→ **What you have to do**
No image is to be carried over; reproduce the rest of the listing word for word.

→ **Data**
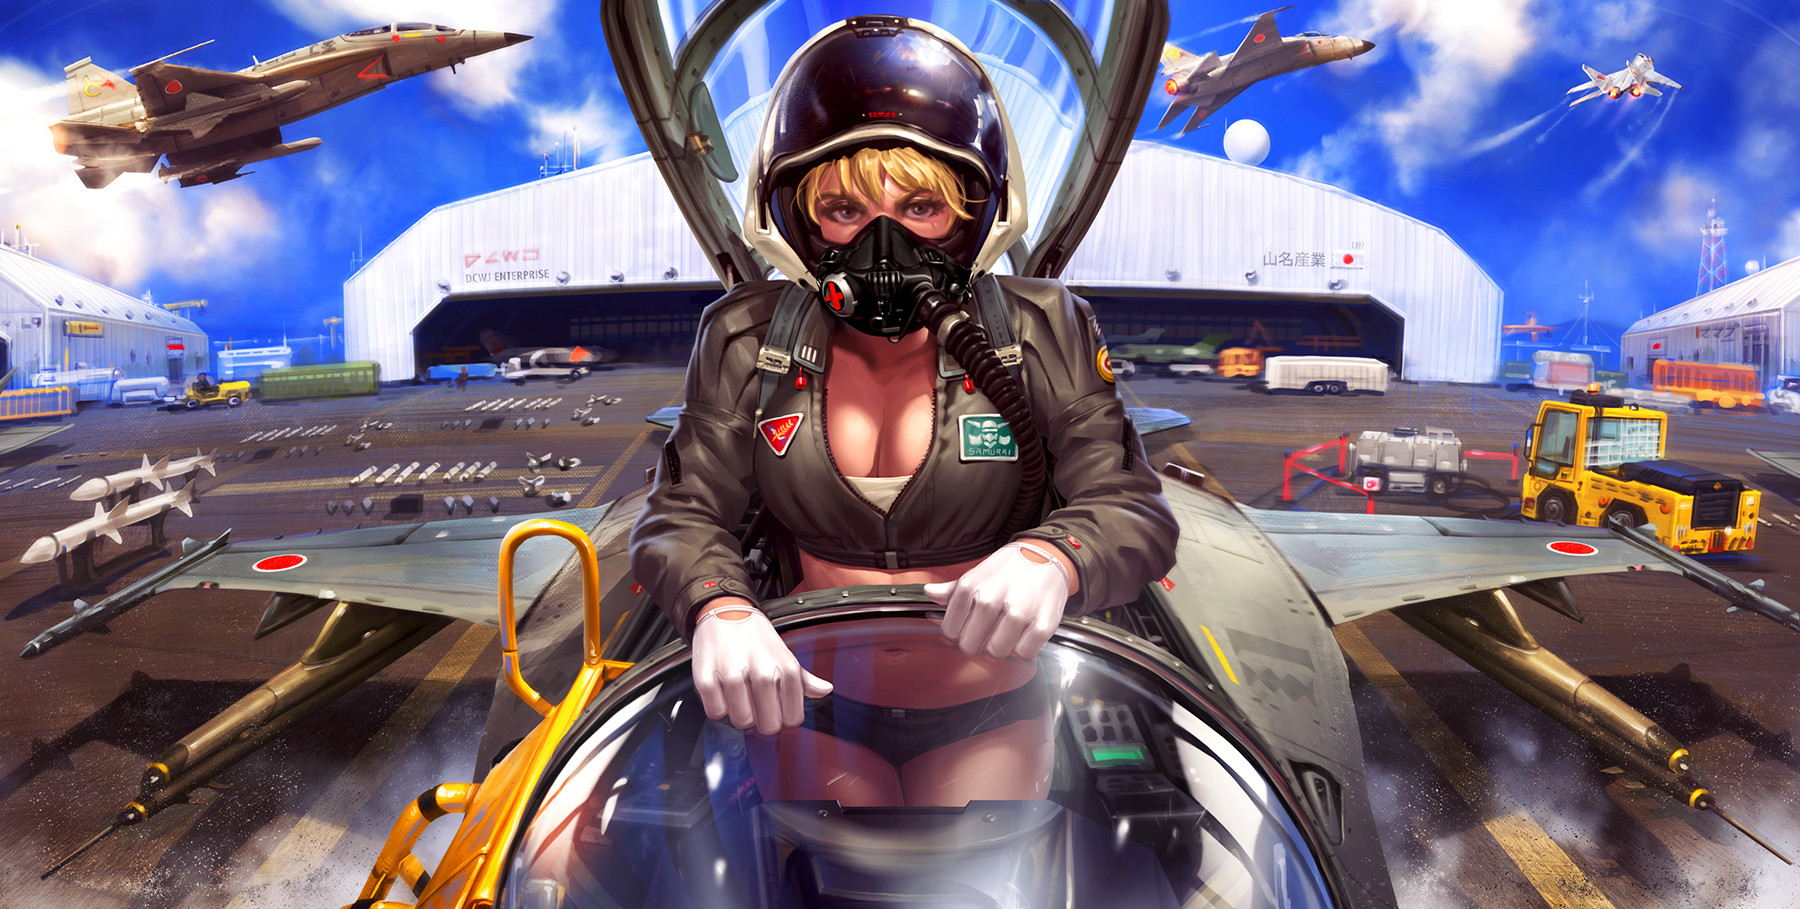 466783 airplane clouds crossover parody fan art original characters  2D spaceship anime long hair BB8 fighter pilot outfit anime girls  field Studio Ghibli brunette Star Wars  Rare Gallery HD Wallpapers
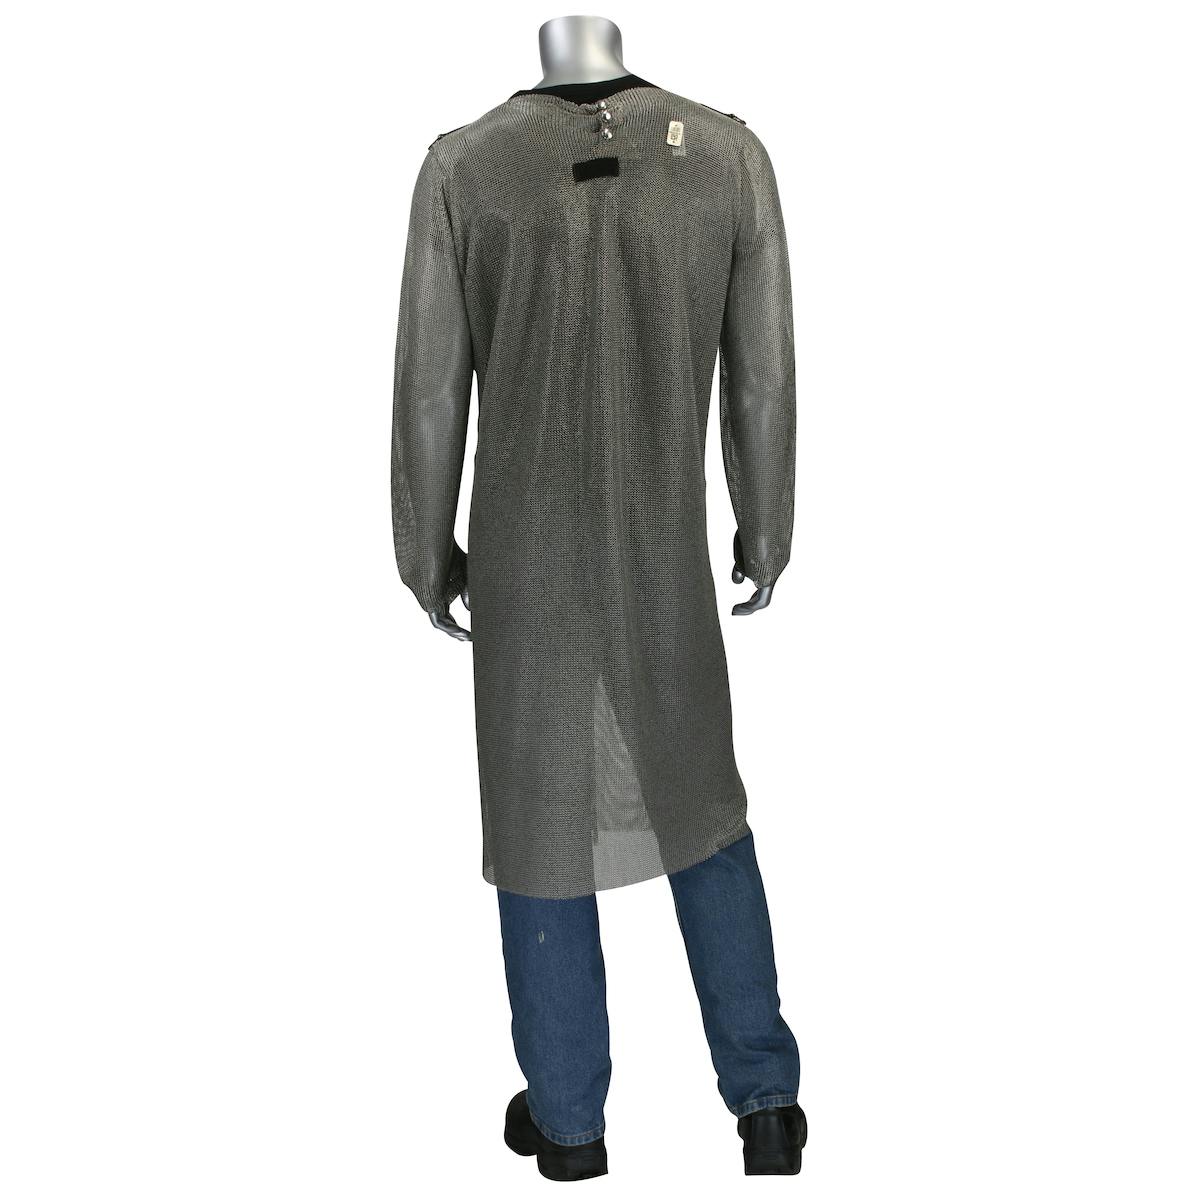 Stainless Steel Mesh Full Body Tunic with Sleeves, Silver (USM-4300L)_0
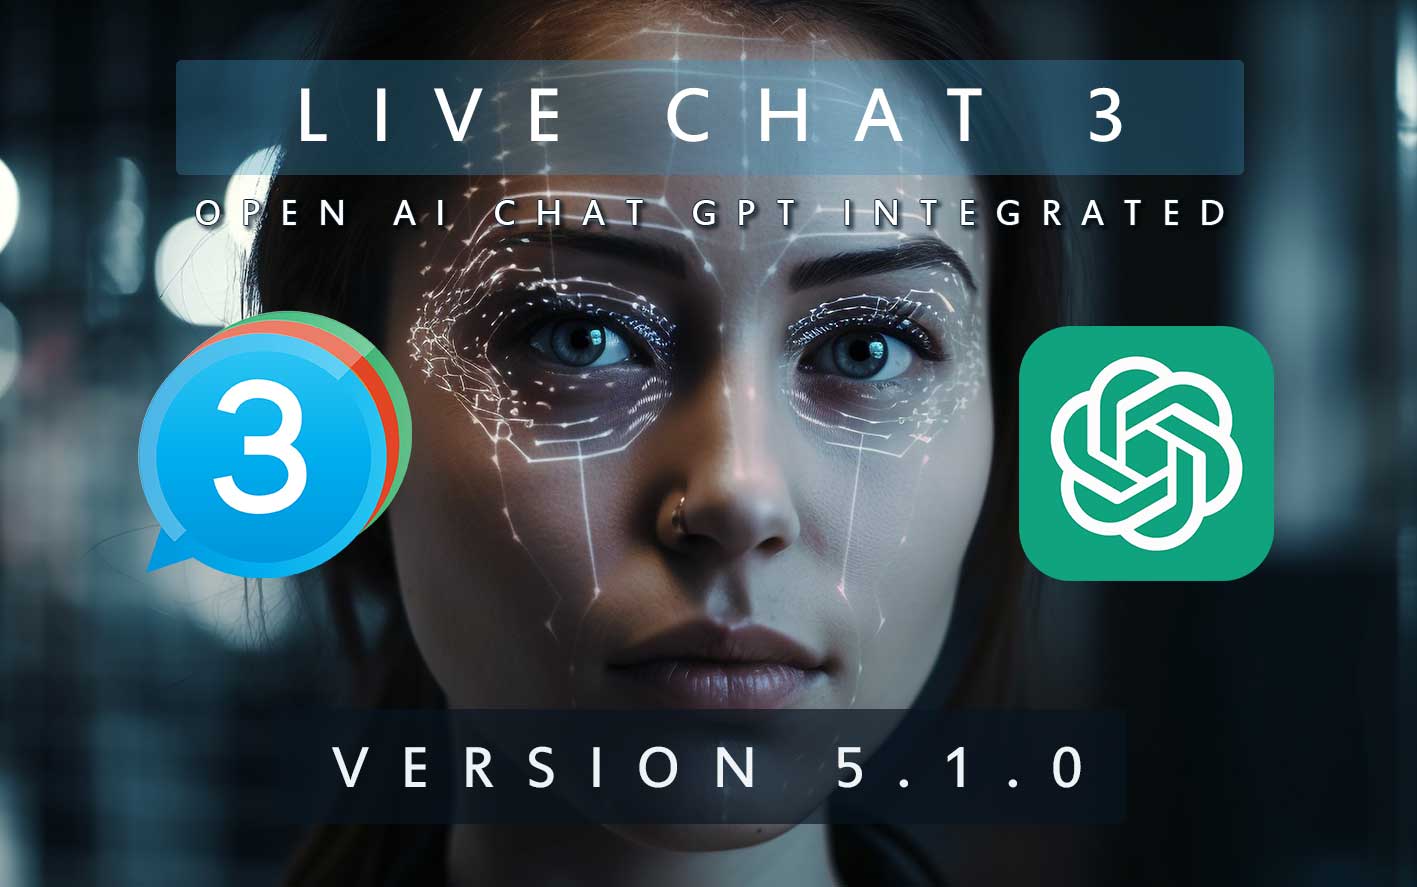 Live Chat 3 - Version 5.1
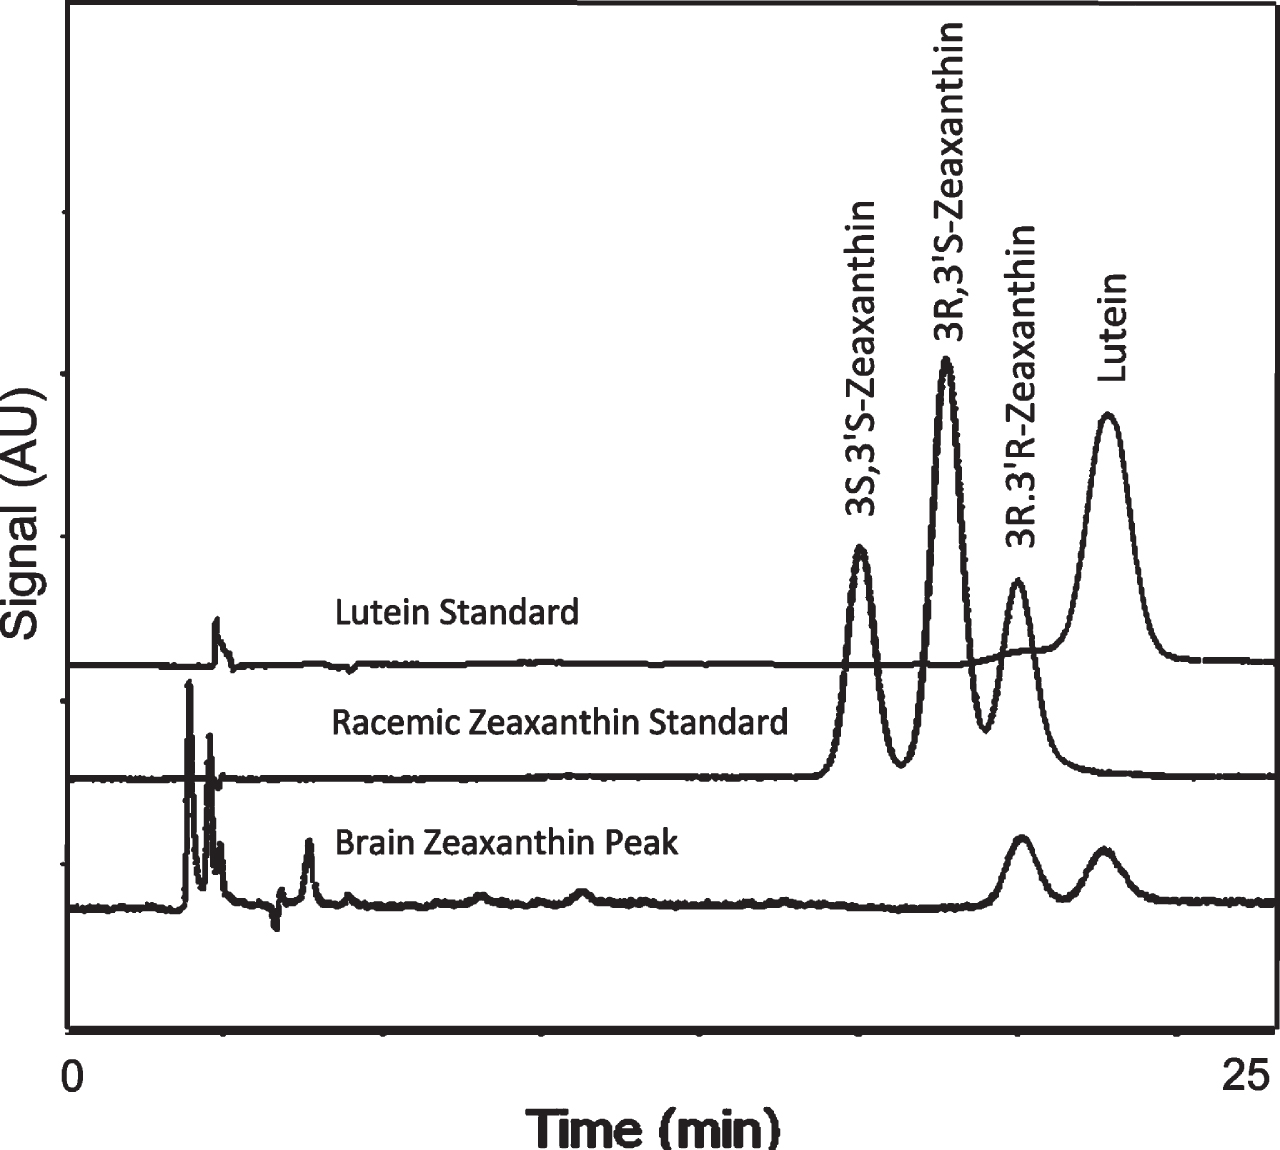 Separation of zeaxanthin optical isomers in a racemic mixture and in the brain zeaxanthin fraction collected during normal phase LC. Brain contained only the 3R, 3’R enantiomer of zeaxanthin.

→ **Task output**
 466783 airplane clouds crossover parody fan art original characters  2D spaceship anime long hair BB8 fighter pilot outfit anime girls  field Studio Ghibli brunette Star Wars  Rare Gallery HD Wallpapers
 Stainless Steel Mesh Full Body Tunic with Sleeves, Silver (USM-4300L)_0
 Live Chat 3 - Version 5.1
 Separation of zeaxanthin optical isomers in a racemic mixture and in the brain zeaxanthin fraction collected during normal phase LC. Brain contained only the 3R, 3’R enantiomer of zeaxanthin.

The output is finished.